The MWD also sent down a crew to photograph and videotape the sights nature has created.

Calcium carbonate stalactites fingered their way down from metal seams that hold the concrete tunnel sections together. Some were snowy white and looked like sea foam bubbling from the ceiling. Minerals had discolored others into various shades of topaz.

Although the pumps were shut down, a never-ending stream of water raced along the tunnel floor, pushing against MWD employees’ shins when they got off a trolley to photograph a particularly interesting formation.

Underground streams and springs honeycomb the mountain and no concrete tunnel is going to restrain them. Springs bubble up from the tunnel floor and water spews from breaks in the walls. In the 1940s, the MWD tried to patch the holes, but finally gave up. Today, the valves where workers shot concrete into crevices and the concrete smears used to plaster larger breaks have taken on the appearance of gargoyles spitting water from their lips as the trolley crawls by.

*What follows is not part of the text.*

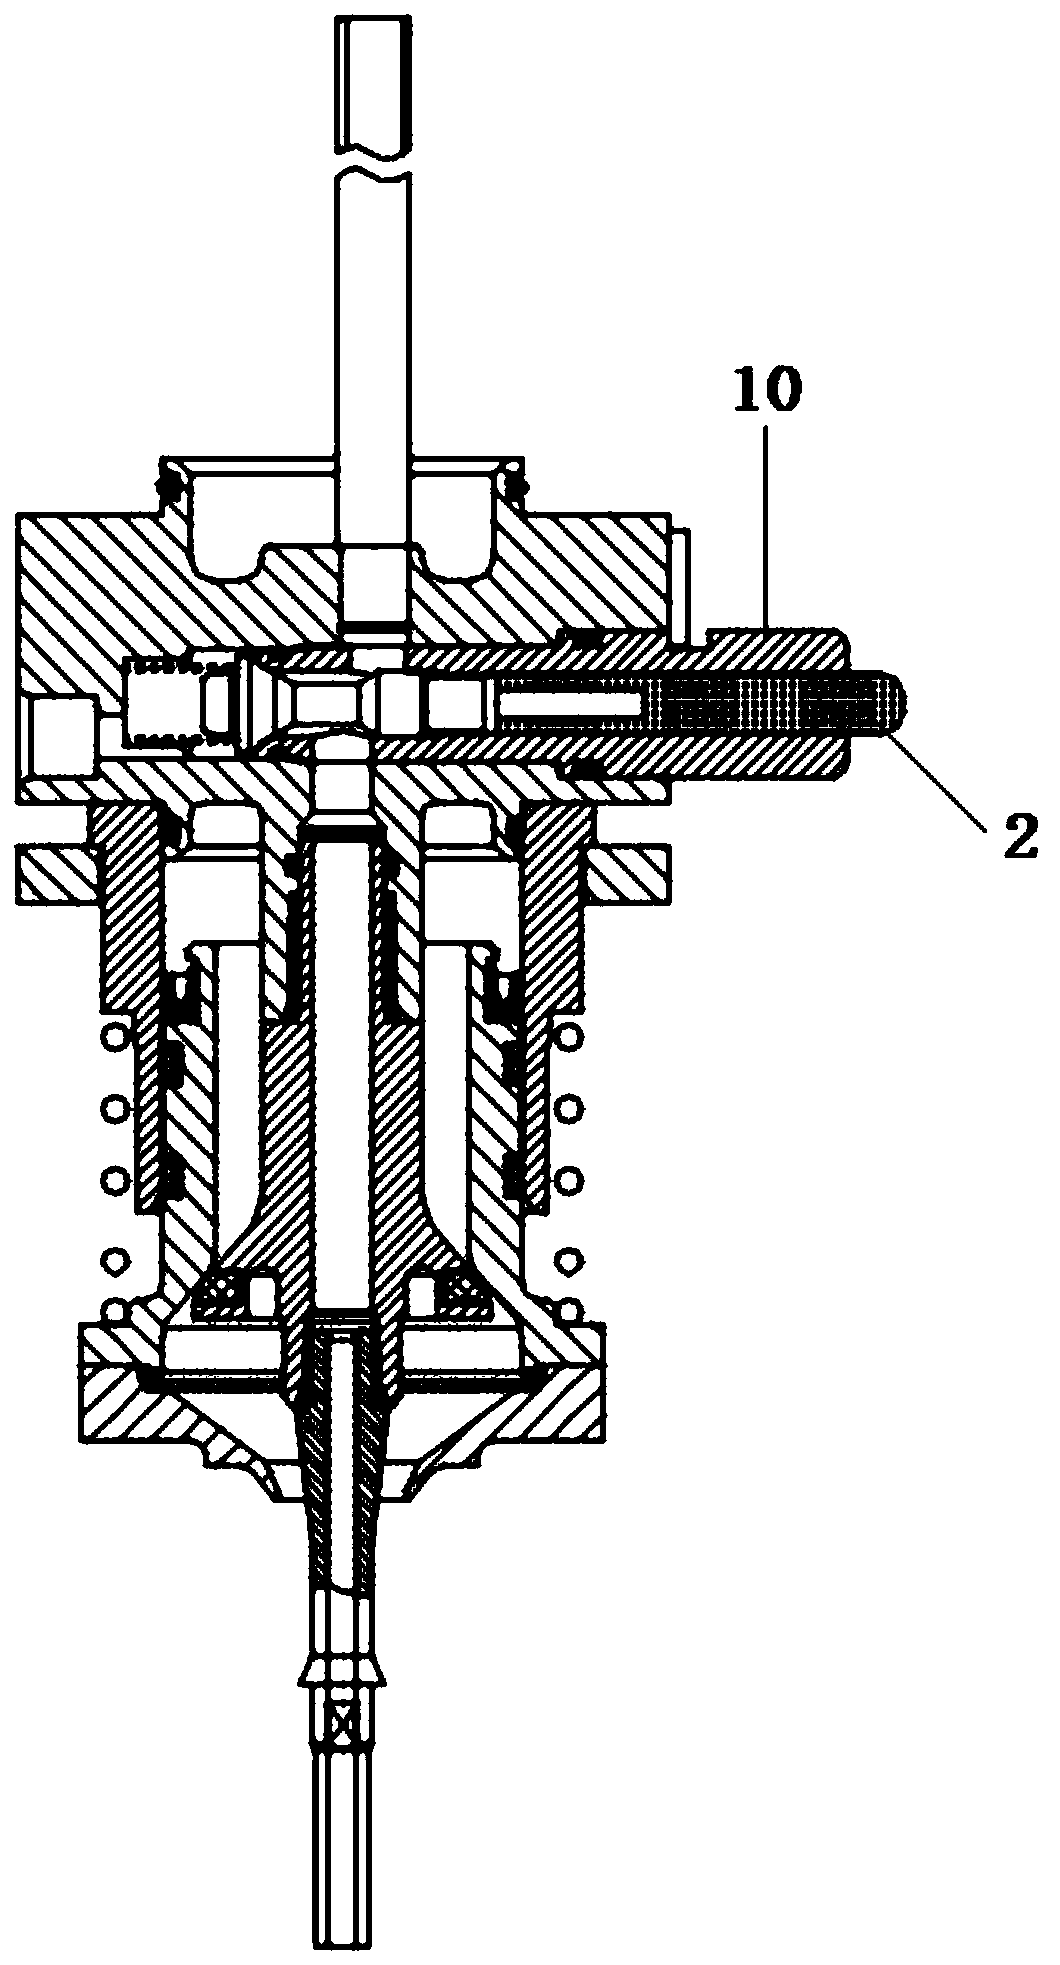 Guide ceramic valve rod for filling valve and filling valve with same

A trolley powered by a John Deere tractor carried the filming crew through the dank corridor.

At several points along the way, the journey took on aspects of an amusement park ride. About three miles in, the trolley stopped at a landmark known as the Carwash, a series of three arching sprays like the cycles at a carwash. Farther on, it came across the Jet, a stream of water that shot across the tunnel with enough force to provide a deep back massage.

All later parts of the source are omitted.